Sunday nights in downtown Coeur d’Alene can be a little eerie. Most of the week, the area is full of nightlife, revelers hopping from bar to bar, live music pouring out onto the streets. However, on Sunday evenings the place turns into a virtual ghost town. Most of the pubs and cocktail lounges are closed, and the ones that do open close their doors early.

Nevertheless, you’re bored and surely you can’t be the only one in town with a wild hair to go have some fun on a sleepy Sunday. Where is everyone at? Well, dear reader, I know the answer. They’re tucked away deep inside the Coeur d’Alene Resort at the Shore Lounge for Karaoke Night. On a typical Sunday after 9 p.m., this dimly-lit, touristy lounge with the vaguely nautical theme transforms into a packed showcase for local singers and non-singers alike. Despite it’s location inside the stuffy confines of the resort, this Karaoke night has been known to get a bit weird and wild.

Your hostess for the evening is the gorgeous and talented Karaoke diva Tequila Leah (pictured above). For the most part, she keeps things rolling along smoothly, always injecting some of her acrid sense of humor into the proceedings and amazing regulars with her edgy fashion sense. She would never come right out and insult a bad singer, but she has a charming trick of getting the message across in a passively aggressive way, without actually hurting any feelings. She always insists that the audience give a big hand to the last singer, no matter how tone-deaf their performance.

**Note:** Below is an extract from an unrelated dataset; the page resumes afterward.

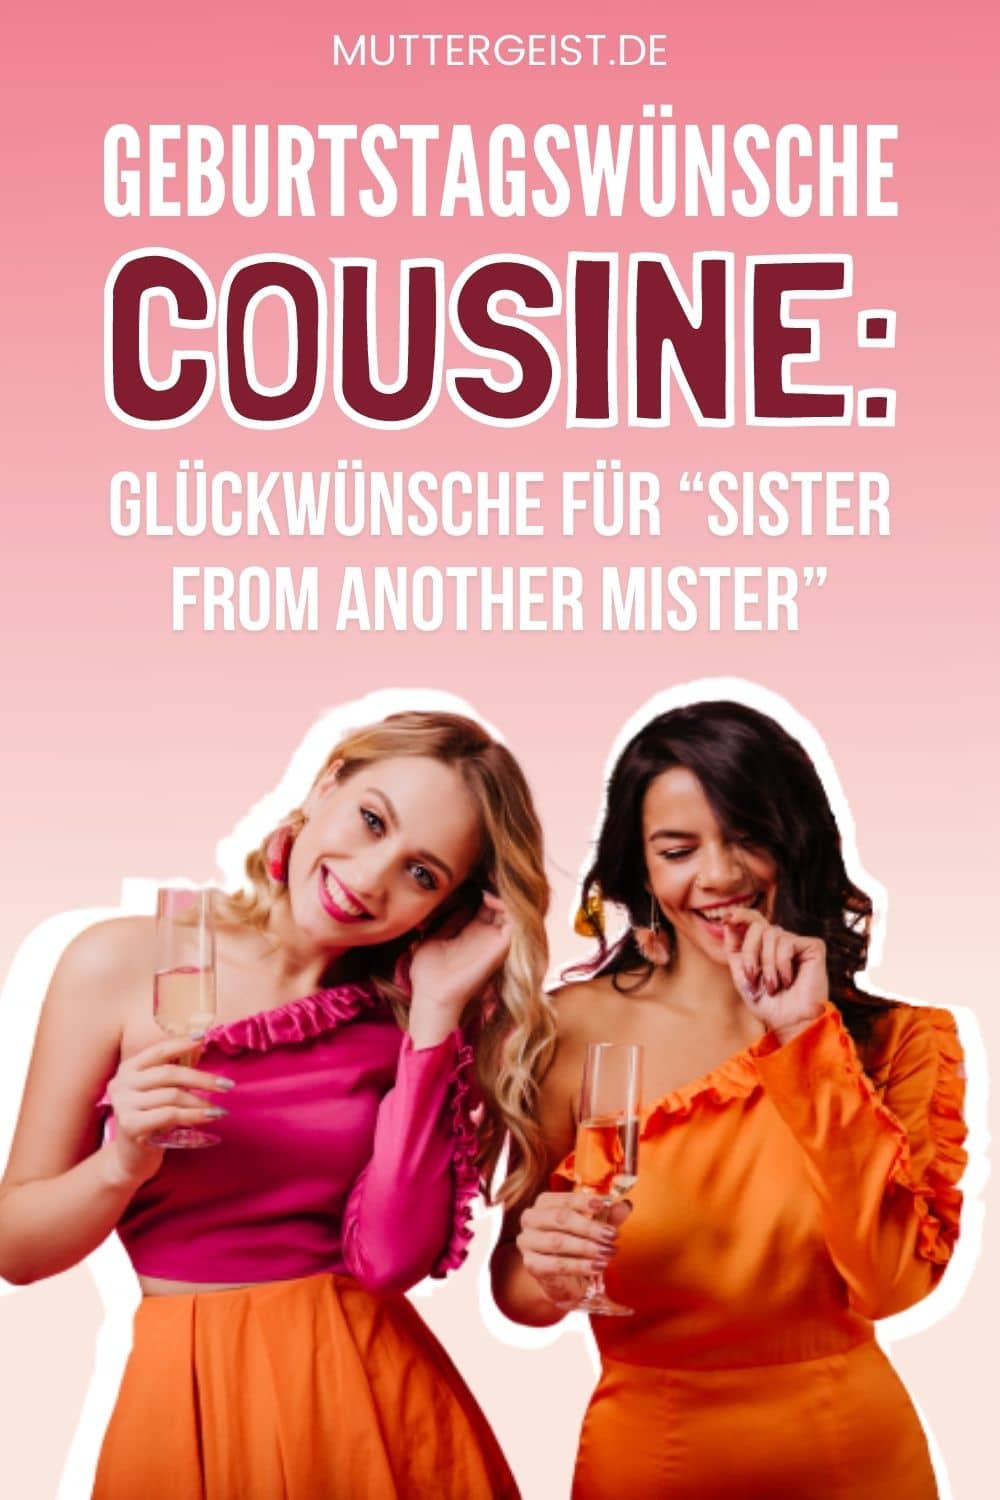 Geburtstagswünsche Cousine – Glückwünsche Für “Sister From Another Mister” Pinterest

Leah’s bubbly personality keeps the atmosphere fun and lighthearted, and even if you screech like a maimed kitty-cat during your performance of “My Heart Will Go On”, she will make a little joke, insist the audience applaud, give you a hug and ask you what song you want to sing next. She makes everyone feel so good about their singing, that it can create an occasional problem - certain not-so-hotso singers have developed a false sense of grandeur about their abilities and insist on terrorizing the crowd at every opportunity. In reality, the vast majority of people that get up to sing actually perform very well. Several of the regular singers could feasibly pull off a career in pop music and even seem to have developed small fan bases here at the lounge.

The stage set up here can be a little bit intimidating. Traditionally, in Japan where Karaoke was invented, people stay put right at their table and the microphone is handed around to the different participants. At the Shore Lounge, singers have to get up on a stage in front of everyone, complete with a spotlight shining directly on your big face. You’re the star, and there’s no escaping it. Most of the regulars here embrace the idea and really ham it up. Some people even dress up for the night – a couple of twenty-something dudes like to show up in ungodly ugly polyester leisure suits from the ‘70’s and sing the hits of Barry Manilow. There’s guaranteed to be a hardcore cowboy or two, dressed in full regalia, and singing some bombastic patriotic country hit. The crowd here is entertainingly diverse – it seems like everyone from the other nightspots end up here on Sundays since their regular haunts are closed.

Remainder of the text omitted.